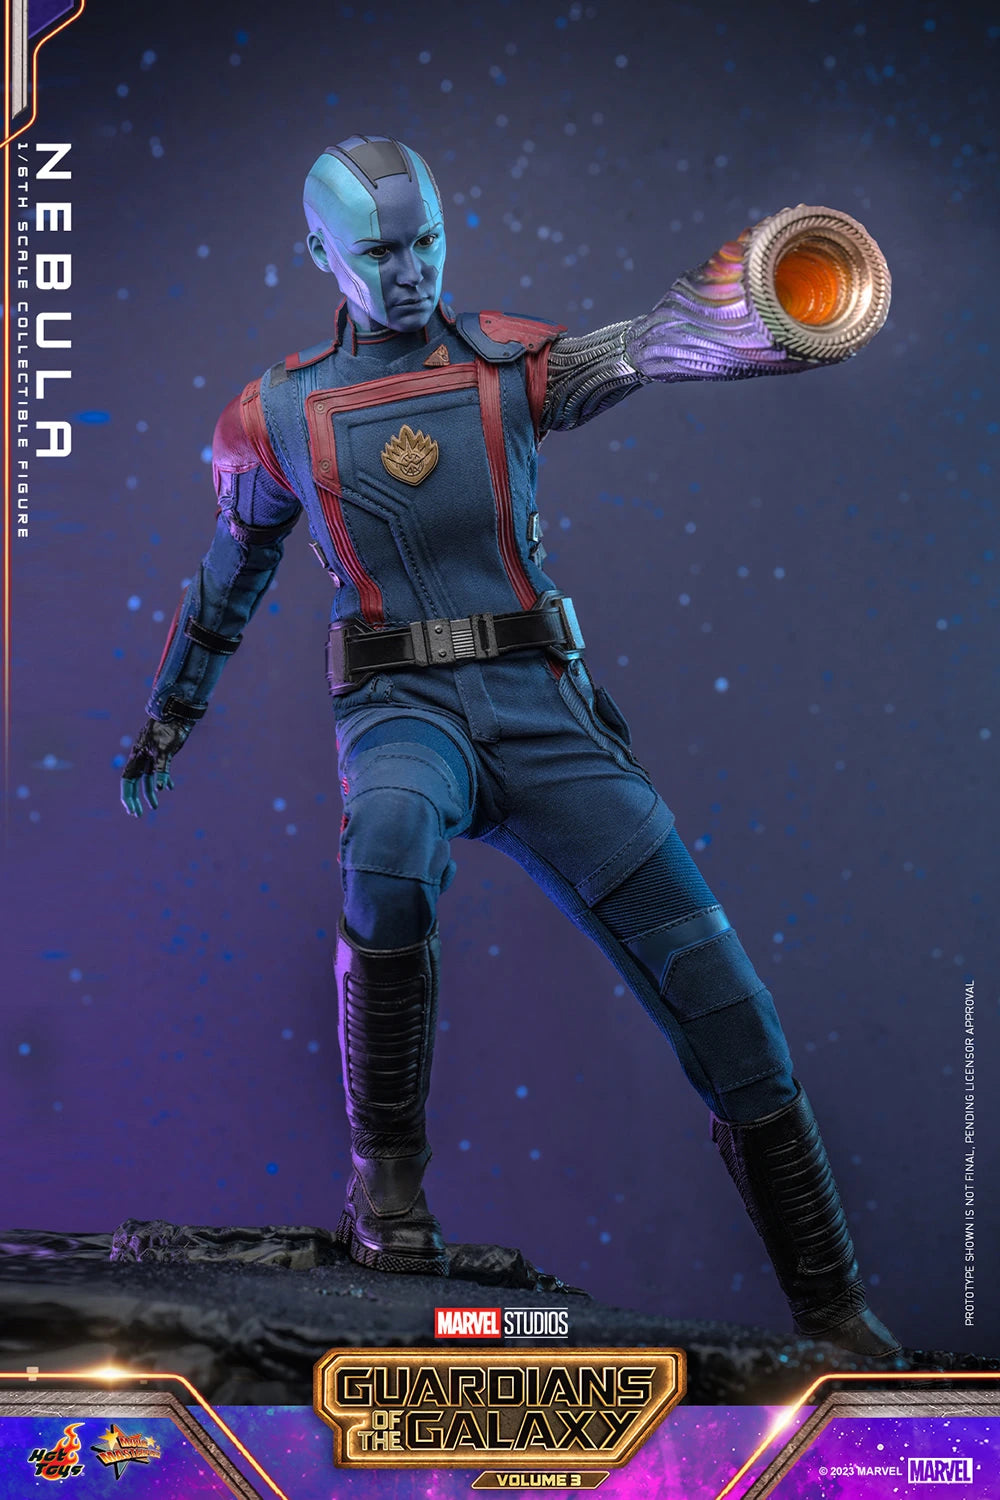 Hot Toys Movie Masterpiece Series: Marvel Guardianes De La Galaxia Vol 3 - Nebula Escala 1/6
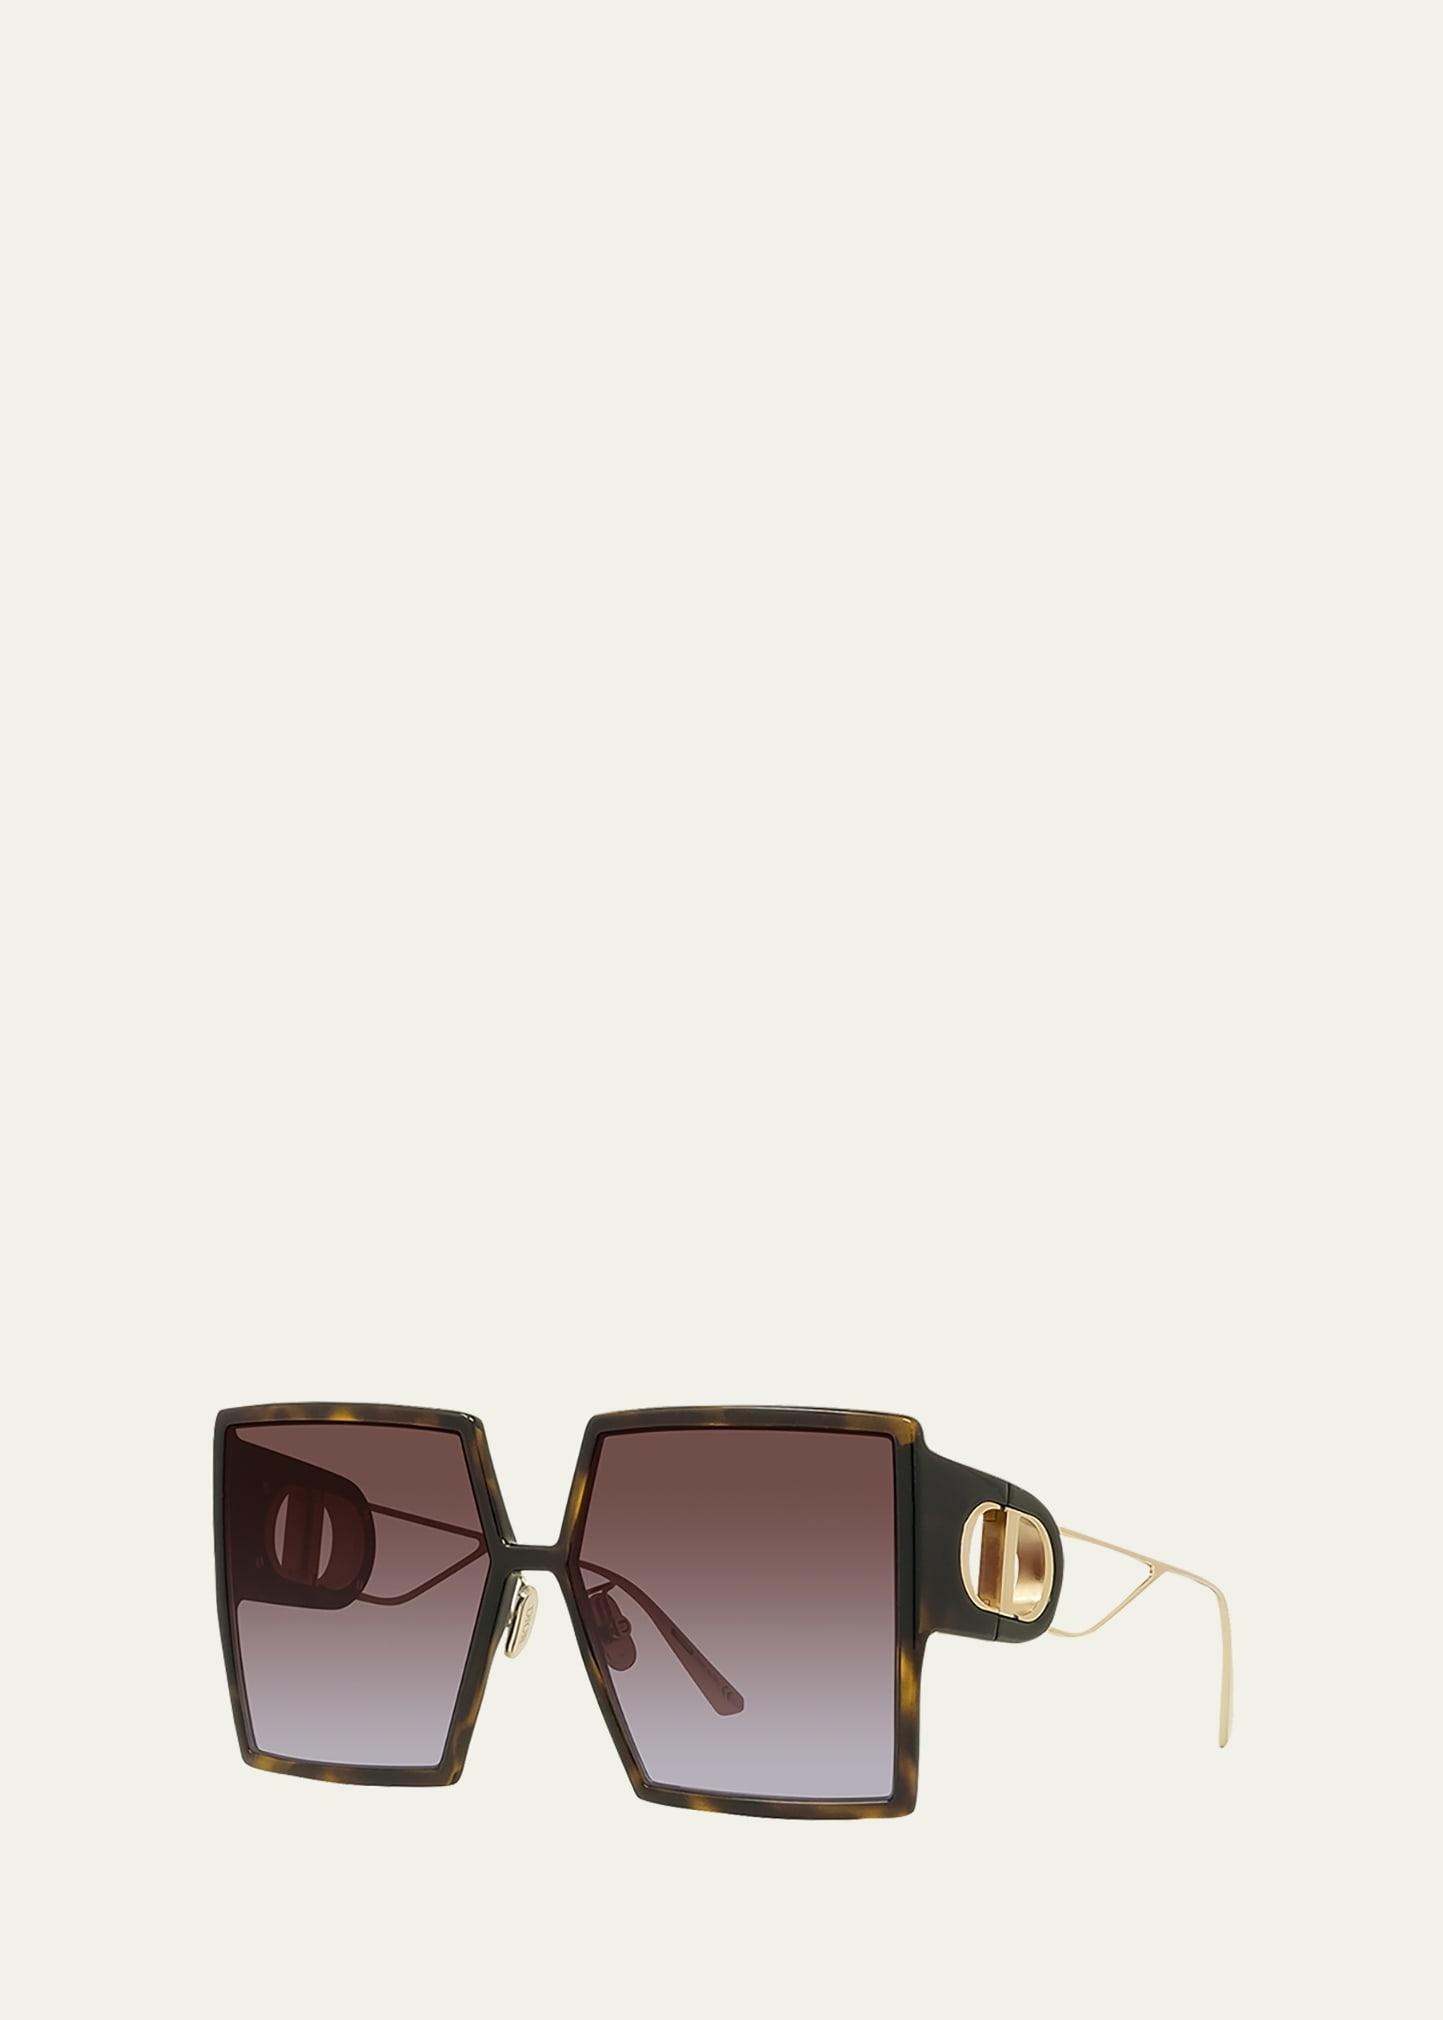 DIOR 30Montaigne SU 58mm Square Sunglasses Product Image
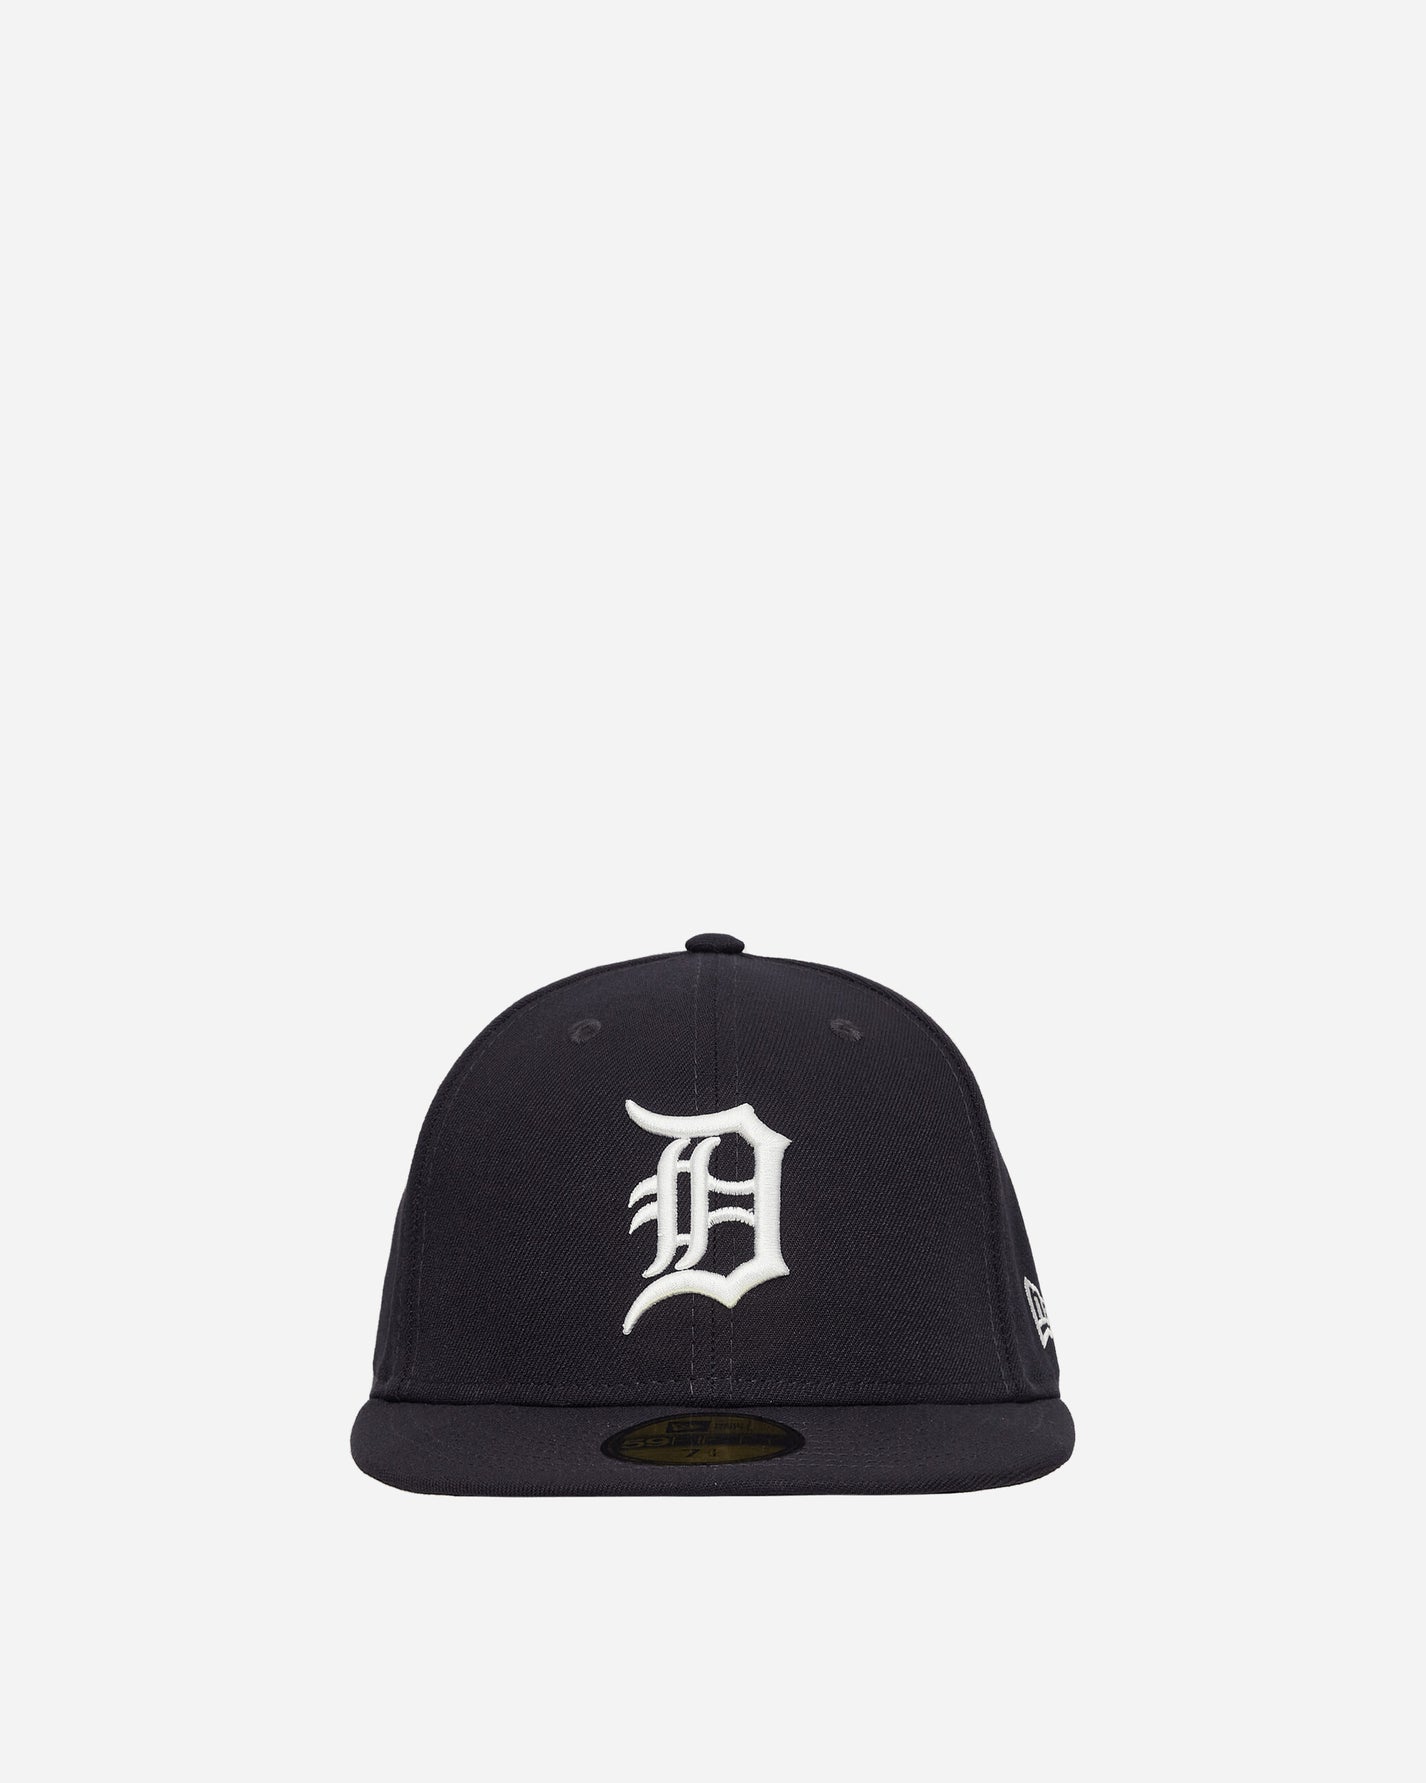 New Era 59Fifty Detroit Tigers Detroit Tigers Hats Caps 12572844 001

++++++++

**EXERCISE AIM**
Please reproduce each line of the listing above exactly, skipping pictures.

**RESPONSE AREA**
 Hot Toys Movie Masterpiece Series: Marvel Guardianes De La Galaxia Vol 3 - Nebula Escala 1/6
 DIOR 30Montaigne SU 58mm Square Sunglasses Product Image
 New Era 59Fifty Detroit Tigers Detroit Tigers Hats Caps 12572844 001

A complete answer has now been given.